Сточные воды, проходя несколько этапов, очищаются механически, а также при помощи специальных бактерий и, наконец, обеззараживаются. Технологически процесс достаточно сложен и представляет собой цепь, где каждое звено имеет решающее значение. Процесс очистки подобен конвейеру – результат зависит от работы на каждом конкретном этапе. Тем временем мы осматриваем приемную камеру, куда поступают стоки для первичной механической очистки от крупного бытового мусора. Далее переходим к песколовке, задача которой улавливать минеральные нерастворимые частицы, и направляемся к проходному каналу.

Ходить приходится много – станция занимает значительную территорию – это целый комплекс, рассчитанный на переработку 1 200 кубических метров сточных вод в час. В былые годы на очистных трудились более ста человек. Сейчас персонал станции насчитывает 48 сотрудников, большинство из которых женщины.

По пути минуем первичный отстойник, который улавливает говорящие сами за себя плавающие вещества. Запах, конечно, ощущается, но это не критично. Не мешает нисколько. И кругом очень чисто. Настолько, что я начинаю сомневаться в необходимости резиновых сапог. Все надежды на проходной канал. По мере приближения к нему запах усиливается – происходит выпуск осадка из первичных отстойников.

Сам канал похож на бункер времен холодной войны – длинные коридоры с тянущимися по стенам трубами, уходящими в полумрак. В мягком свете ламп поблескивают насосы. Идем вперед, то и дело, ныряя под трубы, либо взбираясь по маленьким железным лесенкам. Возле вентиля одной из задвижек мы встречаем Ольгу Веденееву – звеньевую операторов очистных сооружений и ее помощницу, оператора Татьяну Дмитриевну.

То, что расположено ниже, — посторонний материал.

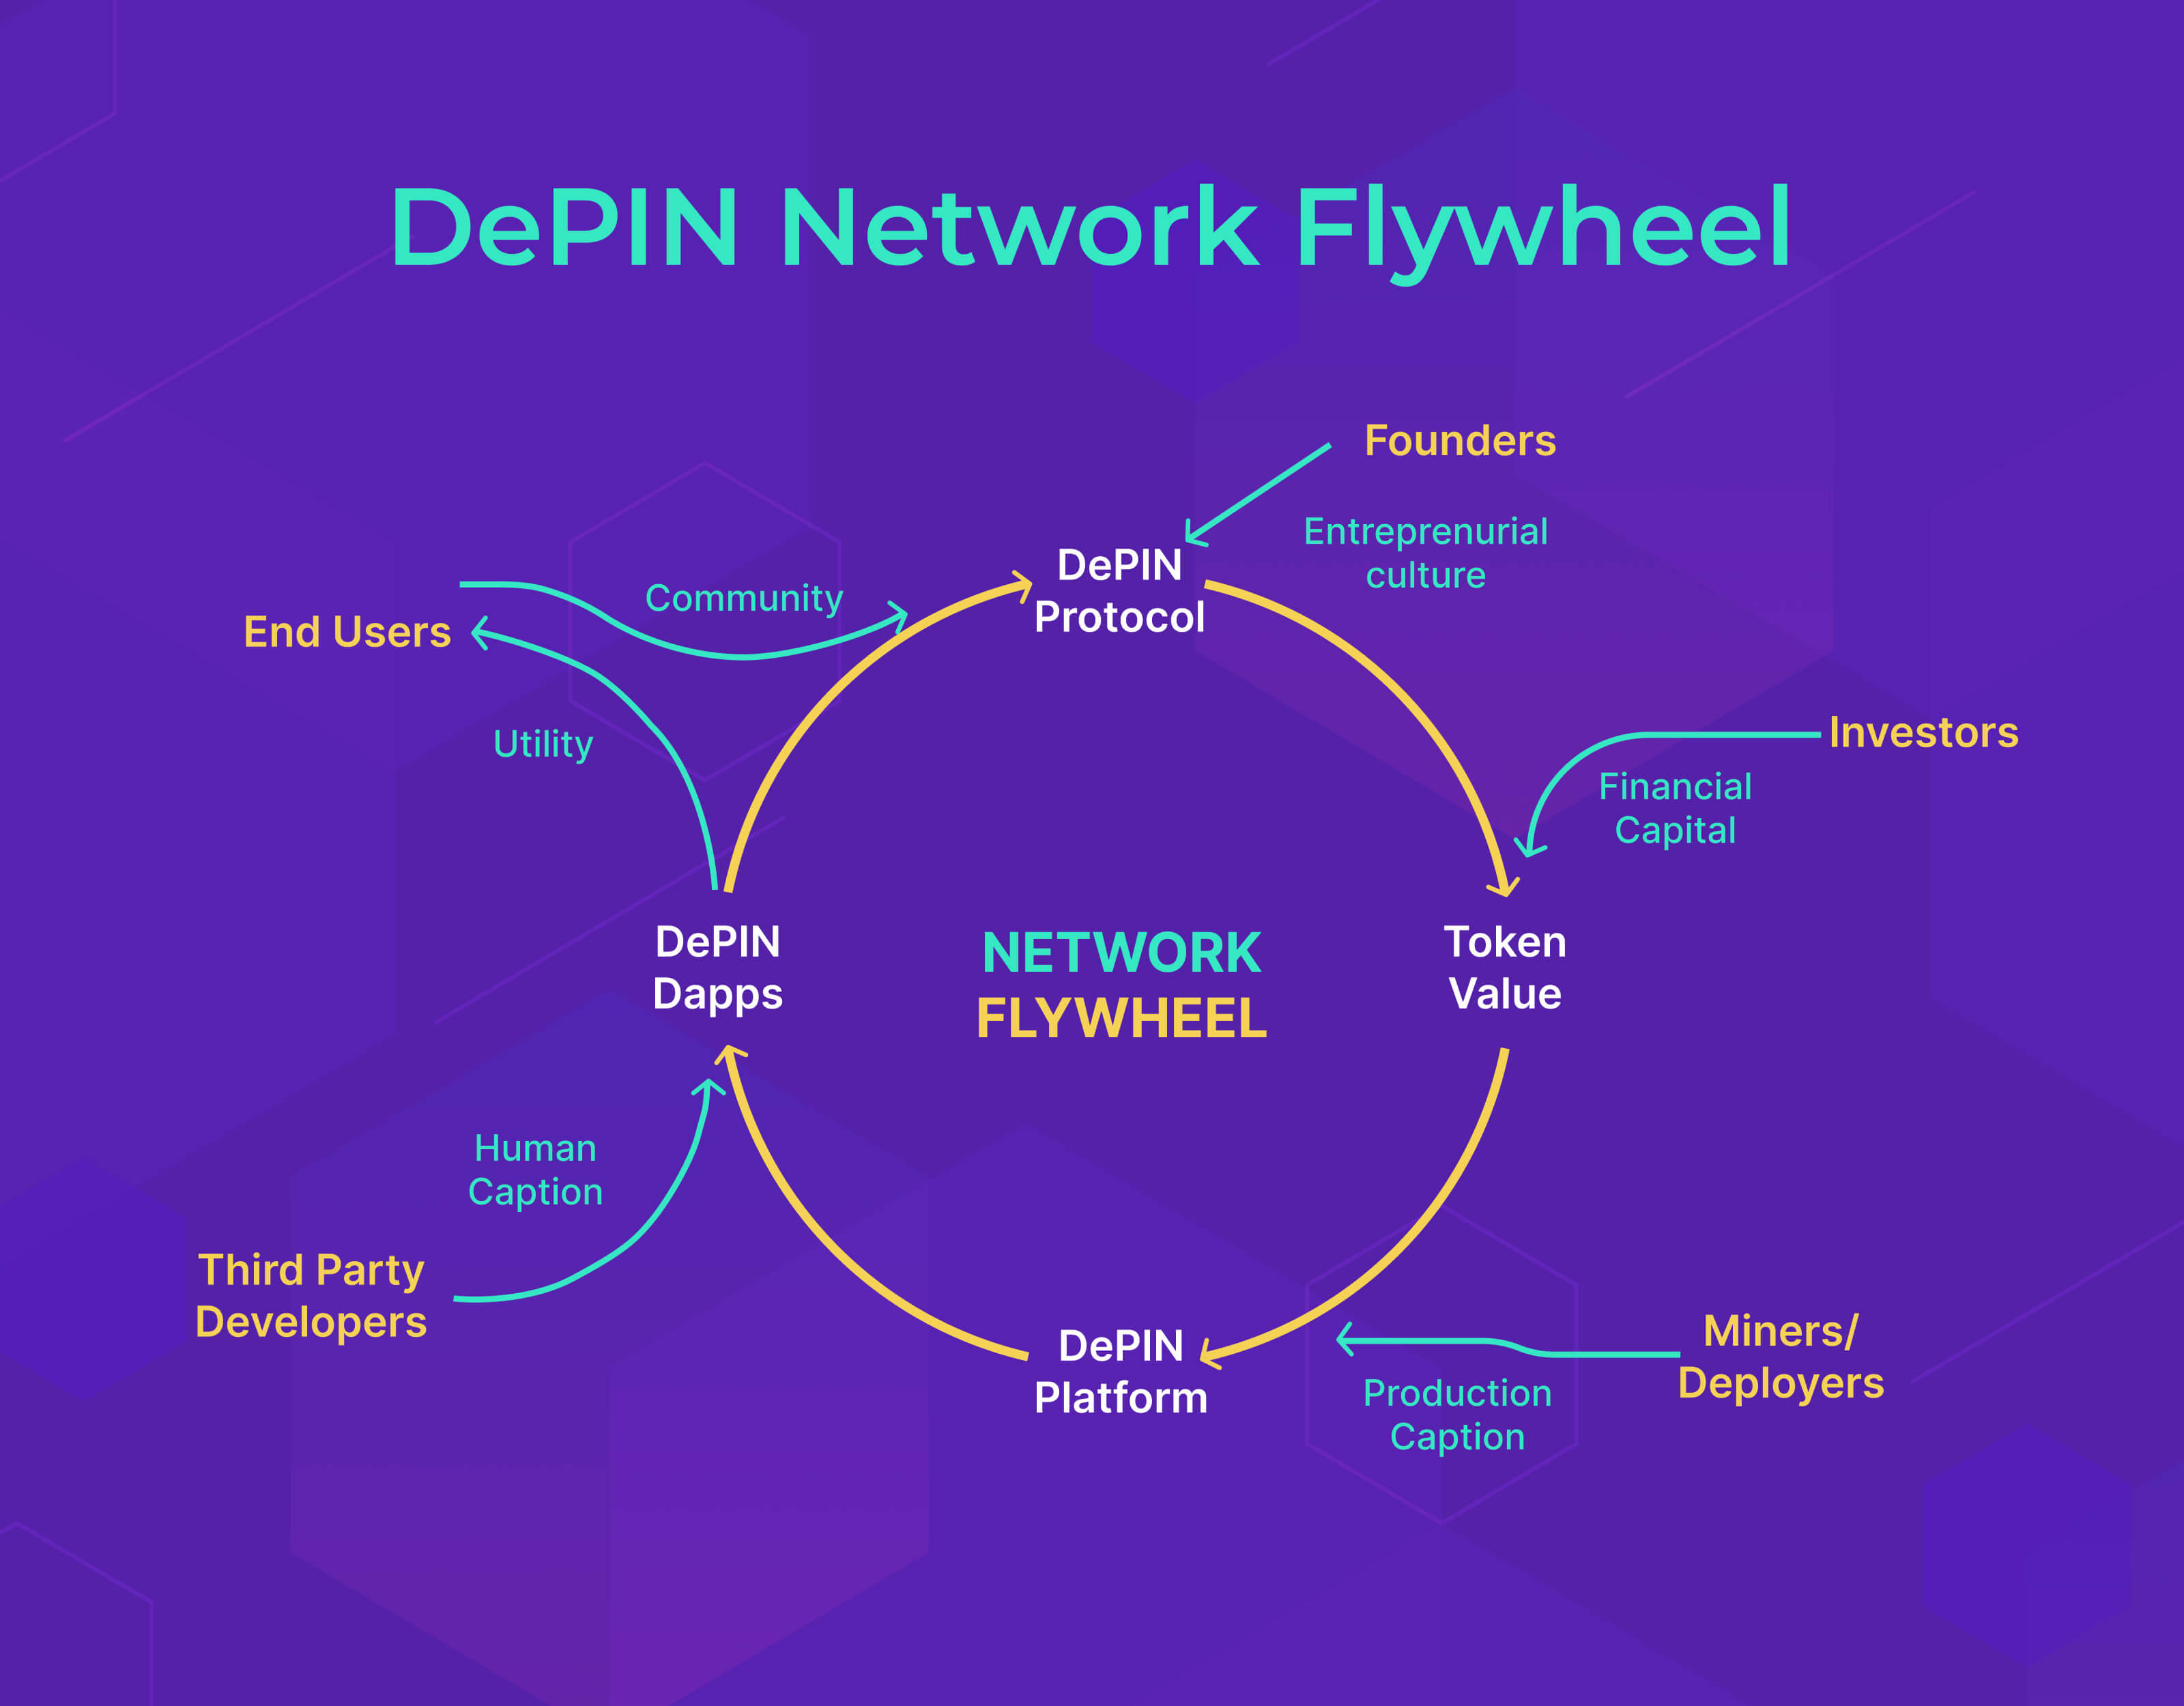 Depin Network Flywheel

Сюда, в проходной канал, они спускаются каждые два часа, для того чтобы произвести выпуск. Остальное время оператор работает на улице. Работа сложная, не женская, особенно зимой, когда весь снег и лед приходится расчищать вручную.

– Да, зимой очень сложно. Снега много и льда. Бывает, при выпуске лед сплошняком стоит. Зимой работы много – все подходы должны быть очищены, – говорит Ольга. – Но мы и летом много делаем. Мы еще красим, ремонт помогаем делать, разные работы выполняем.

Смена оператора длится двенадцать часов – с восьми до восьми. Да и самих операторов только двое.

– Тяжело вдвоем работать? – лезу с расспросами.

– Да, вдвоем трудно.

– И на работу не сетуете?

– Да вы что! Руки уже закалились от физического труда! – смеется Веденеева. – В первый год очень тяжело было, а сейчас уже ничего, втянулась.

Идем лабиринтами проходного канала, лавируя между насосами. Это, конечно, интересно, но где же обещанный антураж? А нет его. Все чисто и чинно. Пока что получается что-то типа «работать сложно», а мне позарез нужно «работать страшно»! Вот только где же его взять? Елена Сергеевна непрестанно вещает мне про технологические тонкости процесса очистки. Очень интересно, вот только мне, человеку бесконечно далекому от техники, понимание дается с трудом.

Выбравшись-таки на свет божий, с энтузиазмом направляюсь обозревать стадию, следующую за очисткой – обеззараживание. Но не тут-то было. Обеззараживание воды производится при помощи жидкого хлора в отдельно стоящем кирпичном здании – хлораторной, и заходить туда посторонним строго запрещено. Внутрь меня так и не пустили, отвечая категорическим отказом. А жаль. Здесь я вынужден вернуться к теме противогазов,  тех самых, что болтаются на моем плече, изрядно при этом мешая. Так вот, противогаз выдается ни в коем случае не для защиты от запахов, а на случай чрезвычайной ситуации. Поскольку на станции содержится жидкий хлор под давлением, сама станция является объектом повышенной химической опасности. И как бы нам не хотелось сгустить краски вокруг этой детали, противогаз – дань требованиям безопасности.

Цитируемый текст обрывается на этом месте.